Does anyone know the laws about a normal citizen traveling to SA and trying to take fish back? Can you even do it?


----------



## Mr. Hannibal (Feb 21, 2003)

Dolphinswin said:


> Does anyone know the laws about a normal citizen traveling to SA and trying to take fish back? Can you even do it?

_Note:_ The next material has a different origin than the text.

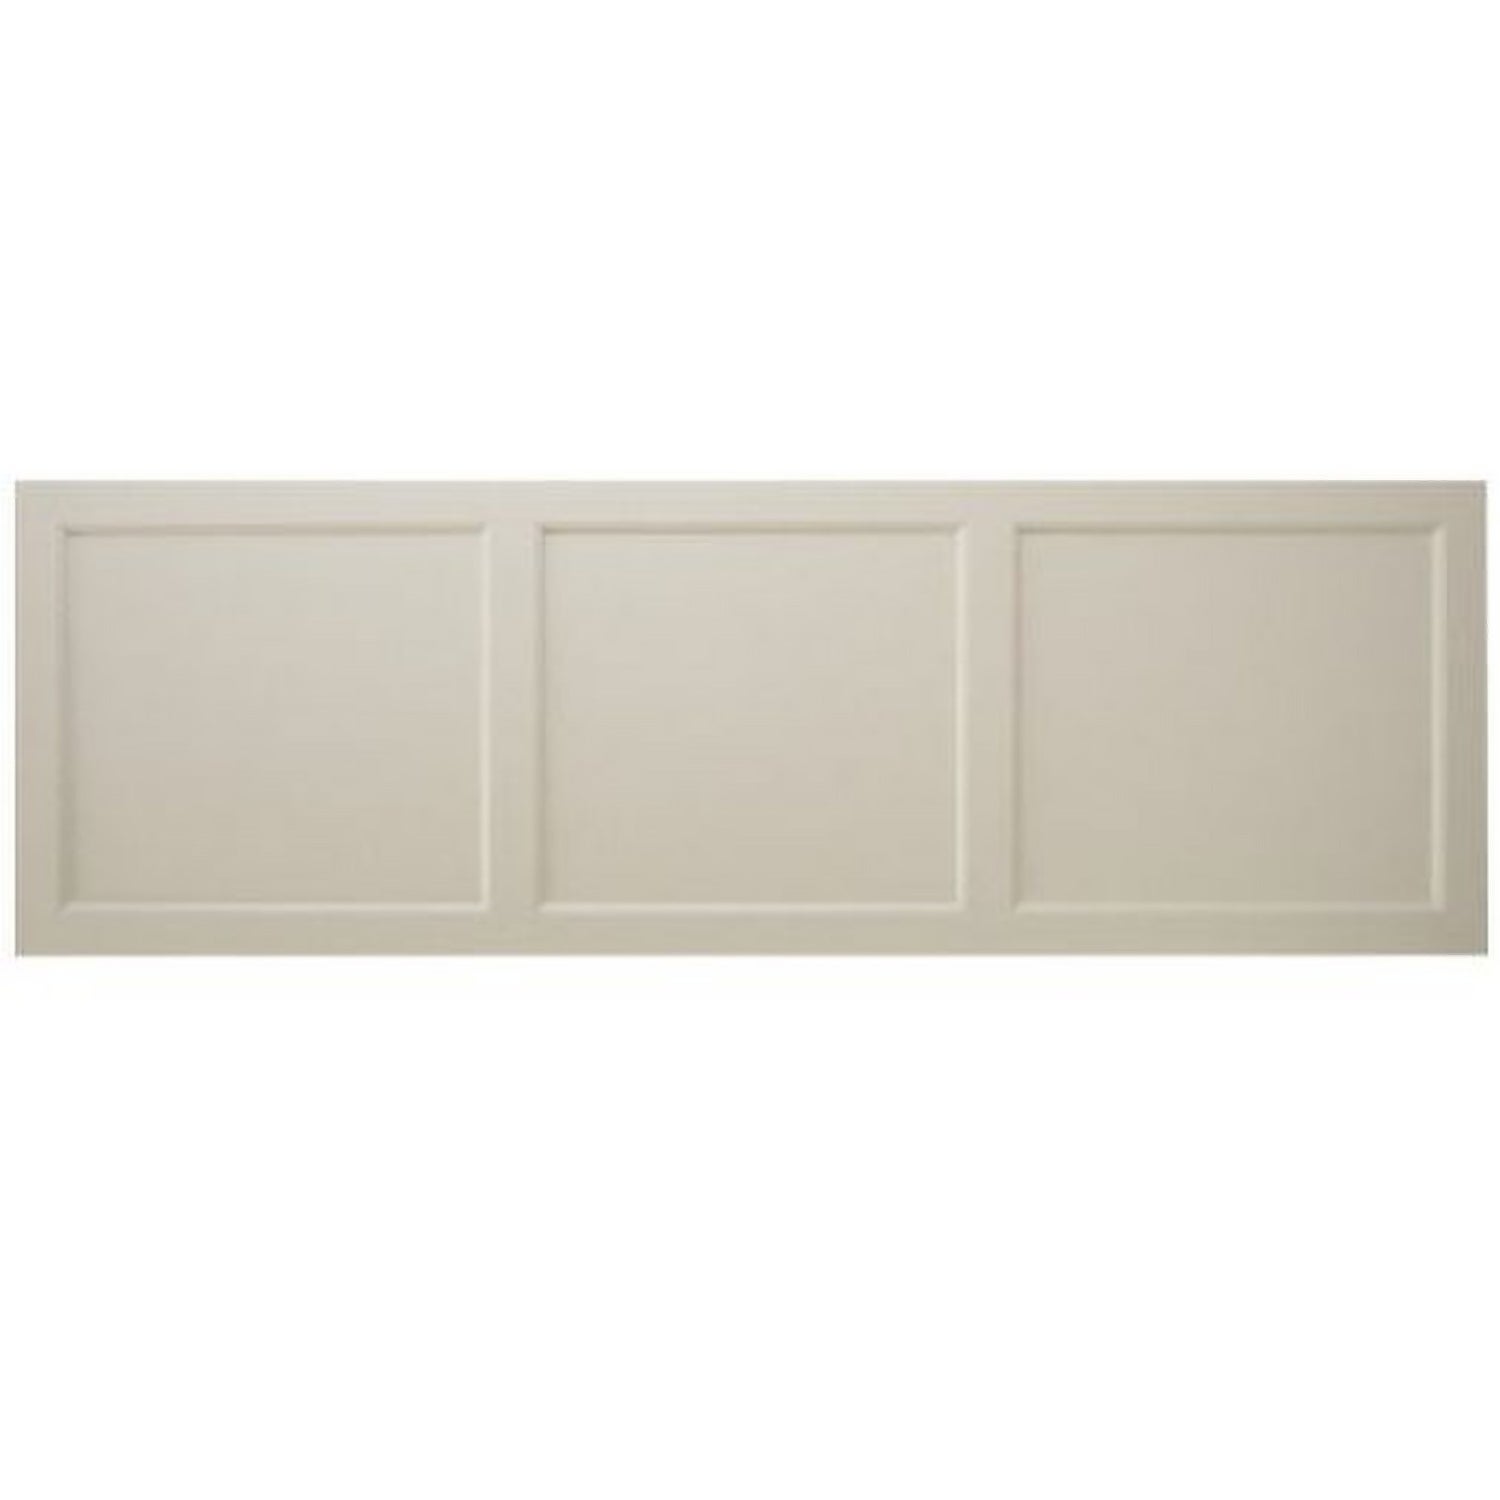 Savoy Bath Side Panel 1800mm - Old English White

If you ever come to Venezuela, you can fish all the Ps (mostly Caribas and Rhombeus) you want but it is hard to impossible to export this kind of fish at this moment...


----------



## kongy911 (Apr 20, 2009)

this vid is awesome! i wanna try doing something like that.


----------



## sapir (Jun 20, 2008)

awesome video








never knew it was that easy lol


----------



## Moondemon (Dec 9, 2006)

Nice video Hannibal !!
Did you do the same the get your caribes or did you buy them in a store in Venezuela ?


----------



## scent troll (Apr 4, 2005)

omfg
thats one way to fish LOL
No hook needed, those bastards stayed clamped down right into that crate. It's funny how when I see people fishing piranha Im like "awww man I want just one of those"
That's pretty impressive.


----------